L’audience des principales chaînes contrôlées par l’Etat russe s’effondre de 25% : la propagande s’enraye

La guerre ne se fait pas qu'avec des armes à feu. La propagande joue un rôle crucial dans la stratégie menée par le Kremlin.

Vladimir Poutine
©Belgaimage

Depuis le 24 février 2022, la guerre de la vérité est déclarée. Avec le début d’une " opération militaire spéciale ", comme l’a présenté le président russe Vladimir Poutine, c’est une véritable déclaration de guerre qu’a lancé l’invasion russe en Ukraine, selon la grille d’analyse dressée par les Occidentaux.

En Russie, à la télévision, dans les journaux, le récit des exactions menées sur le territoire ukrainien prend l’autoroute d’une propagande devant justifier l’injustifiable. Mais la machine semble se gripper. Depuis six mois, les audiences des trois principales chaînes fédérales dépendantes du Kremlin – Perviy Kanal, Rossiya 1 et NTV – sont en chute libre. Respectivement, elles régressent de 25,5 %, de 23 % et de 16,6 % durant le mois de juillet. Ces données n’enlèvent toutefois pas la place de leader à Perviy Kanal.

Tous vers Telegram

Dans les colonnes du Monde, Françoise Doucé, directrice du Centre d’études des mondes russe, caucasien et centre-européen, relève plusieurs raisons à cette dégringolade. Elle souligne d’abord la lassitude qui gagne les téléspectateur face aux programmes entièrement consacrés à la guerre en Ukraine. Aujourd’hui, ce sont les émissions de divertissement qui tirent leur épingle du jeu. " C’est comme si la population faisait semblant d’ignorer cette guerre, pour prendre ses distances ", explique-t-elle au quotidien français.

Mais le véritablement enseignement, c’est que l’audience se déplace vers un autre médium : Telegram.
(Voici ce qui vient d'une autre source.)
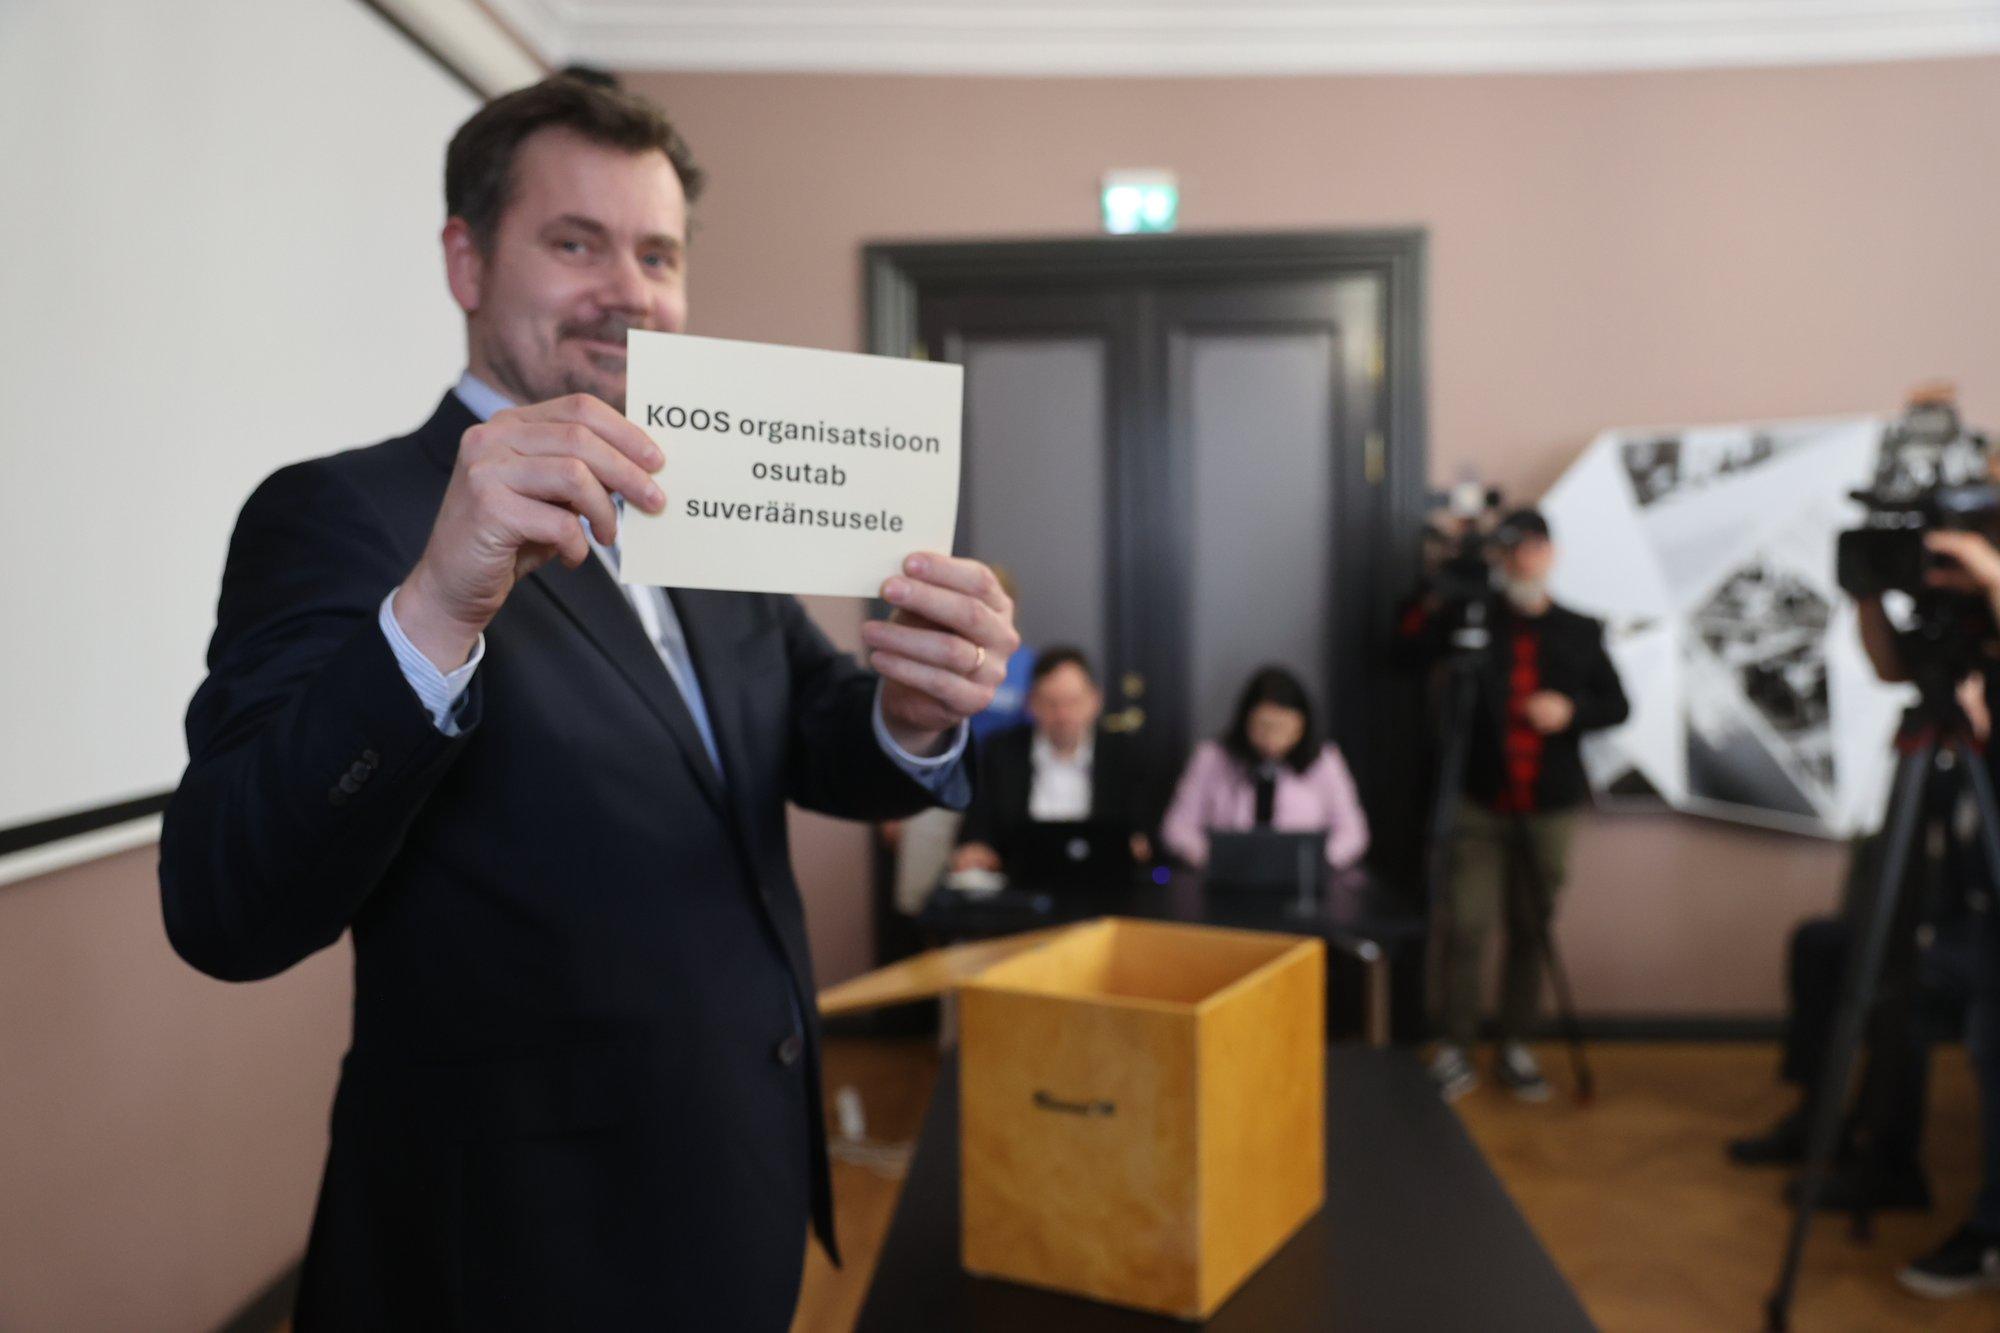 ФОТО | Жребий брошен! Первой в списке на выборах в Европарламент будет партия KOOS во главе с Айво Петерсоном 
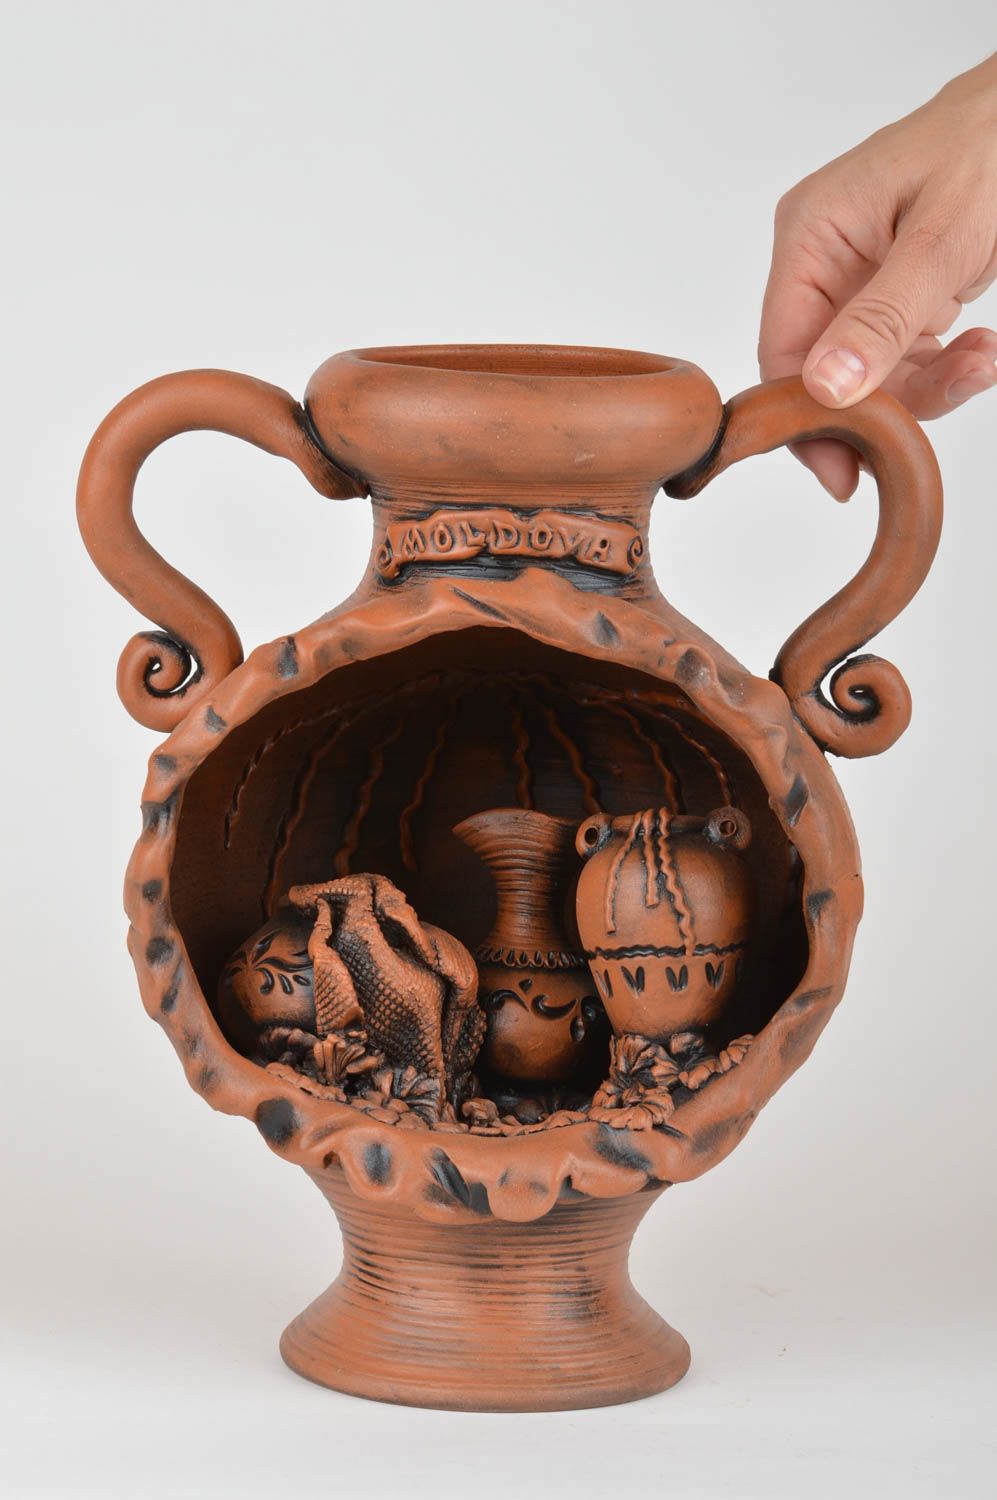 Оригинальная декоративная ваза для дома из красной глины Винный подвал фото 3

La messagerie cryptée, déjà très populaire en Russie, ne cesse de prendre du galon. Plus 25 % d’utilisateurs russes sur la dernière semaine de juillet. Cette plateforme conquière de l’audience grâce à la diffusion d’une information qui ne peut être filtrée par le Kremlin. Mais l’application est loin d’être une rivière  de vérités. Là aussi, la désinformation ruisselle. " Faute de pouvoir l’interdire, l’Etat l’a investie et y déverse aussi sa propagande. Par exemple, les chaînes de[l’ex-président] Dmitri Medvedev, très actif, et de Ramzan Kadyrov [l’homme fort de la Tchétchénie, impliqué dans la guerre en Ukraine] figurent parmi les plus suivies par la population ", confie l’experte à nos confrères. Et comme le succès de Telegram s’est construit sur le secret, impossible de savoir ce que consomment les utilisateurs.

Ce shift qui s’opère dans la consommation de l’information par les Russes va peut être obliger le pouvoir à revoir ses plans de communication, lui qui investit chaque année près d’1,7 milliard d’euros dans sa propagande.